The meta-analysis in this assignment, where we have simulated studies based on exactly the same true effect size, and where we don’t want to generalize to different populations, is one of the rare examples where a fixed effect meta-analysis would be appropriate – but for educational purposes, I will only show the random effects model. When variation in effect sizes is small, both models will give the same results.
In a meta-analysis, a weighted mean is computed. The reason studies are weighed when calculating the meta-analytic effect size is that larger studies are considered to be more accurate estimates of the true effect size (as we have seen above, this is true in general). Instead of simply averaging over an effect size estimate from a study with 20 people in each condition, and an effect size estimate from a study with 200 people in each condition, the larger study is weighed more strongly when calculating the meta-analytic effect size.
R makes it relatively easy to perform a meta-analysis by using the meta or metafor package. Run the code related to Assignment 7. We get the following output, where we see four rows (one for each study), the effect sizes and 95% CI for each effect, and the %W (random), which is the relative weight for each study in a random effects meta-analysis.

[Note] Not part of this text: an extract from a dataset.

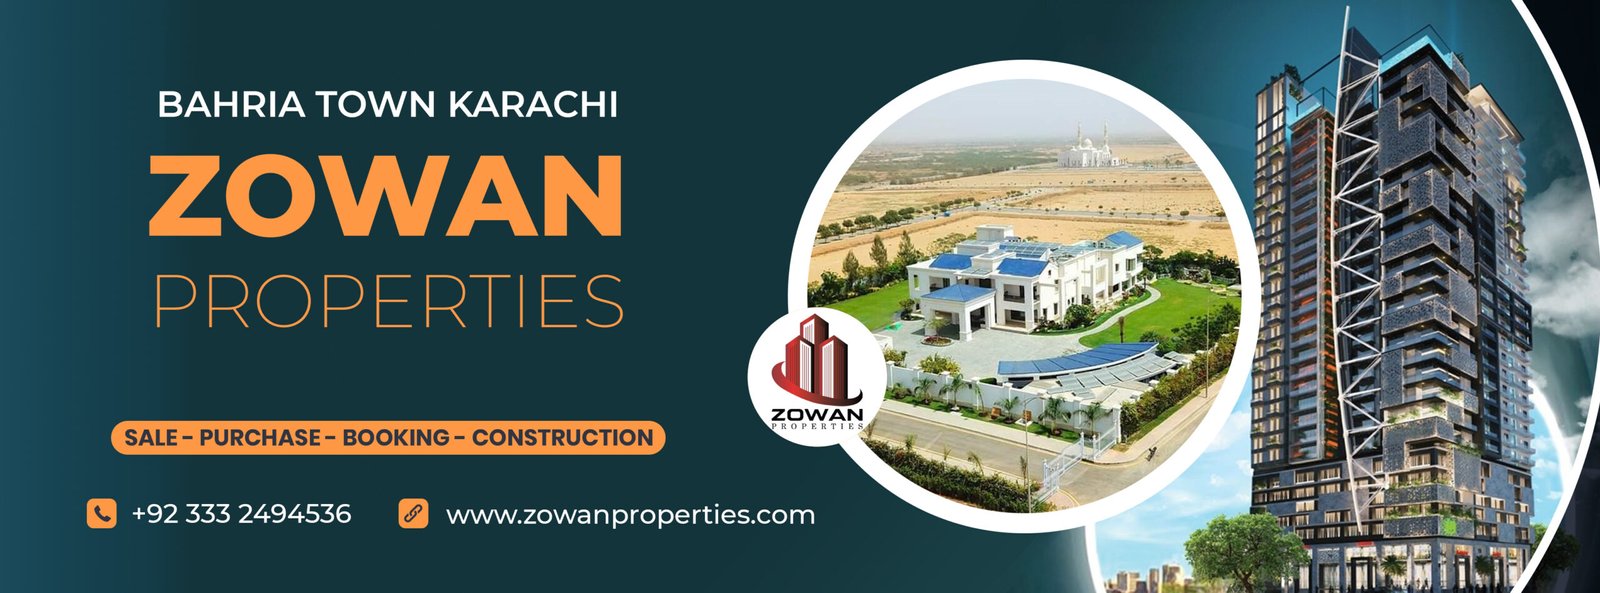 Zowan_Properties_Cover

                  95%-CI %W(random)1 0.44 [ 0.0802; 0.7998]      30.032 0.70 [ 0.2259; 1.1741]      17.303 0.28 [-0.2797; 0.8397]      12.414 0.35 [ 0.0392; 0.6608]      40.26Number of studies combined: k=4
                                      95%-CI      z  p-valueRandom effects model 0.4289 [0.2317; 0.6261] 4.2631 < 0.0001
Quantifying heterogeneity:tau^2 = 0; H = 1 [1; 1.97]; I^2 = 0% [0%; 74.2%]
Test of heterogeneity:    Q d.f.  p-value 1.78    3   0.6194
The line below the summary gives us the statistics for the random effects model. First, the meta-analytic effect size estimate (0.43) with the 95% CI [0.23; 0.63], and the associated z-score and p-value. Based on the set of studies we simulated here, we would conclude it looks like there is a true effect.
The same information is visualized in a forest plot:

The meta-analysis also provides statistics for heterogeneity. Tests for heterogeneity examine whether there is large enough variation in the effect sizes included in the meta-analysis to assume their might be important moderators of the effect. For example, assume studies examine how happy receiving money makes people. Half of the studies gave people around 10 euros, while the other half of the study gave people 100 euros. It would not be surprising to find both these manipulations increase happiness, but 100 euro does so more strongly that 10 euro. Many manipulations in psychological research differ similarly in their strength. If there is substantial heterogeneity, researchers should attempt to examine the underlying reason for this heterogeneity, for example by identifying subsets of studies, and then examining the effect in these subsets. In our example, there does not seem to be substantial heterogeneity (the test for heterogeneity, the Q-statistic, is not statistically significant).

Assignment 7
Play around with the effect sizes and sample sizes in the 4 studies in our small meta-analysis. What happens if you increase the sample sizes? What happens if you make the effect sizes more diverse? What happens when the effect sizes become smaller (e.g., all effect sizes vary a little bit around d = 0.2). Look at the individual studies. Look at the meta-analytic effect size.
Simulating small studies
Instead of typing in specific number for every meta-analysis, we can also simulate a number of studies with a specific true effect size. This is quite informative, because it will show how much variability there is in small, underpowered, studies. Remember that many studies in psychology are small and underpowered.
In this simulation, we will randomly draw data from a normal distribution for two groups. There is a real difference in means between the two groups. Like above, the IQ in the control condition has M = 100, SD = 15, and in the experimental condition the average IQ has improved to M = 106, SD = 15. We will simulate between 20 and 50 participants in each condition (and thus create a ‘literature’ that consists primarily of small studies).
You can run the code we have used above (for a single meta-analysis) to simulate 8 studies, perform the meta-analysis, and create a forest plot. The code for Assignment 8 is the same as earlier, we just changed the nSims=1 to nSims=8.
The forest plot of one of the random simulations looks like:

The studies show a great deal of variability, even though the true differencebetween both groups is exactly the same in every simulated study. Only 50% of the studies reveal a statistically significant effect, but the meta-analysis provides clear evidence for the presence of a true effect in the fixed-effect model (p < 0.0001):

                     95%-CI %W(fixed) %W(random)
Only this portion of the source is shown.